SUBJECT: City to Plant 800 Trees in 2008 - Neighborhood locations sought for Bridging the Gap trees

4/14/2008  12:45:00 PM
Peg Nielsen, 206.684.8114
Sue Romero  (206) 684-8548

City to Plant 800 Trees in 2008
Neighborhood locations sought for Bridging the Gap trees

SEATTLE - The Seattle Department of Transportation (SDOT) announced today it will expand the city’s urban forest in 2008 by planting more than 800 trees. As part of a nine-year planting plan funded by Bridging the Gap, SDOT’s Urban Forestry team is now evaluating potential tree locations and encourages Seattle neighborhoods to nominate sites.

Interested neighborhoods can apply by phone at (206) 684-TREE (8733) or online at the SDOT Community Trees website (

The department ideally needs roadway sites where up to 100 trees can be planted, on both sides of a street, for five to six blocks. Planting contiguously allows SDOT to consolidate maintenance efforts and preserve scarce forestry resources. This is particularly helpful during the first three years of growth when trees are most vulnerable and require constant tending and watering. First preference will be given to locations along arterials and where planting strips exist with a five-foot width between the sidewalk and the curb.

A medium-sized deciduous tree will absorb approximately 1.5 metric tons of carbon dioxide over its lifetime. As part of the city’s environmental efforts, approximately 60,000 street trees will be planted throughout Seattle by 2037 to help counter the impacts of global warming. Thanks to Bridging the Gap, SDOT planted 681 trees in 2007.

To encourage citizens to plant and maintain their own trees, the city’s Office of Sustainability and Environment also has a new public information campaign called Seattle reLeaf.
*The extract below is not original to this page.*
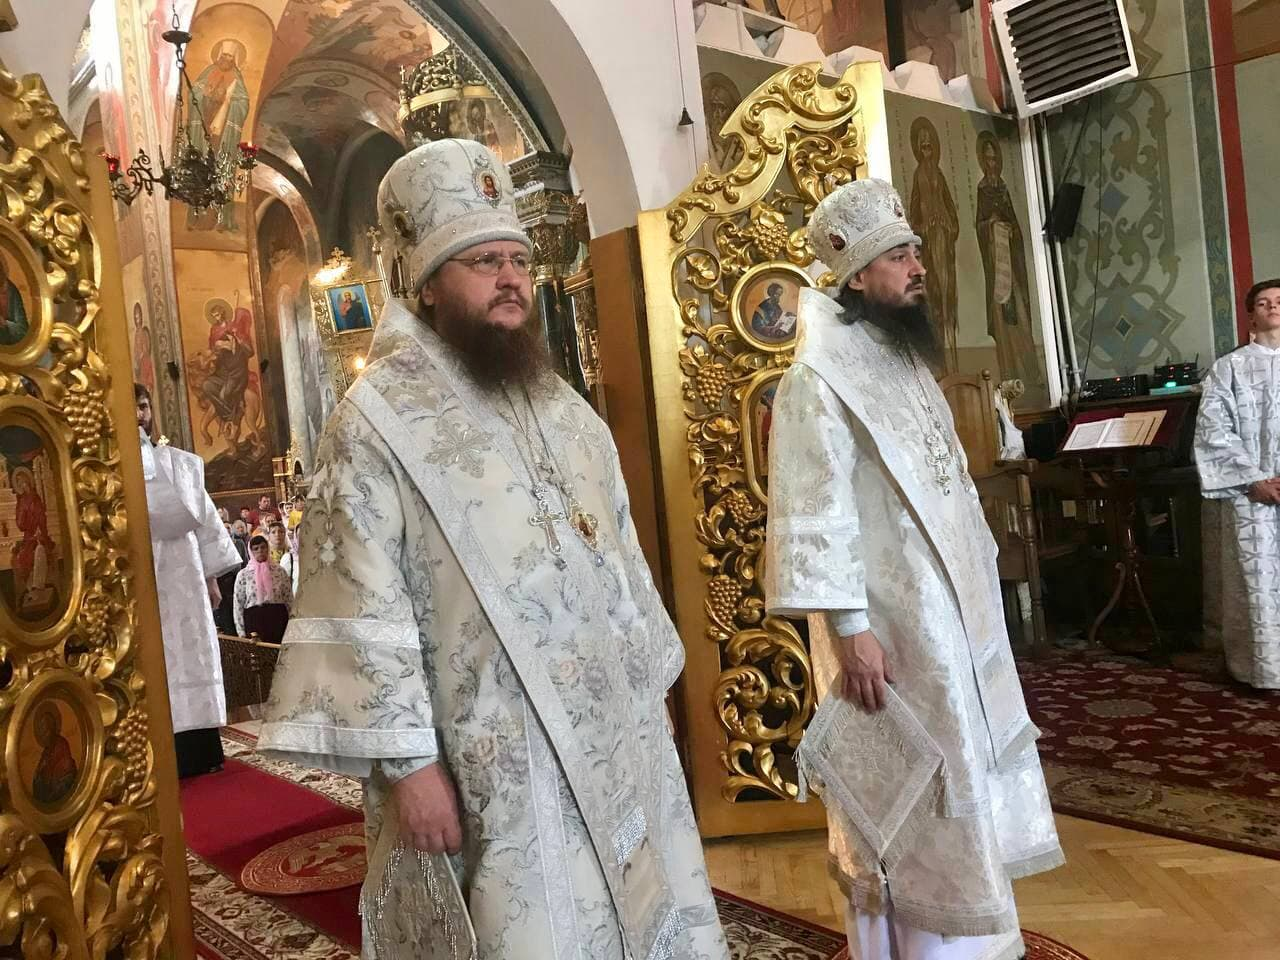 Архиепископ Черкасский и Каневский Феодосий возглавил Литургию в Неделю 7-ю по Пасхе

On its web site (, Seattle reLeaf helps property owners decide what tree is best for them, and how to plant, prune, and water.

Approved by voters in 2006, the $365 million Bridging the Gap levy enables much-needed work by the Seattle Department of Transportation, such as roadway paving, sidewalk development and repair, bridge upkeep, and tree pruning and planting. It also supports the Bicycle and Pedestrian Master Plans, the Safe Routes to School program, enhanced transit connections and large Neighborhood Street Fund projects.

The Seattle Department of Transportation builds, maintains and operates Seattle's $8 billion transportation infrastructure. To further Mayor Nickels’ goal to get Seattle moving, the department manages short- and long-term investments in streets, bridges, pavement and trees, that better connect the city with the region.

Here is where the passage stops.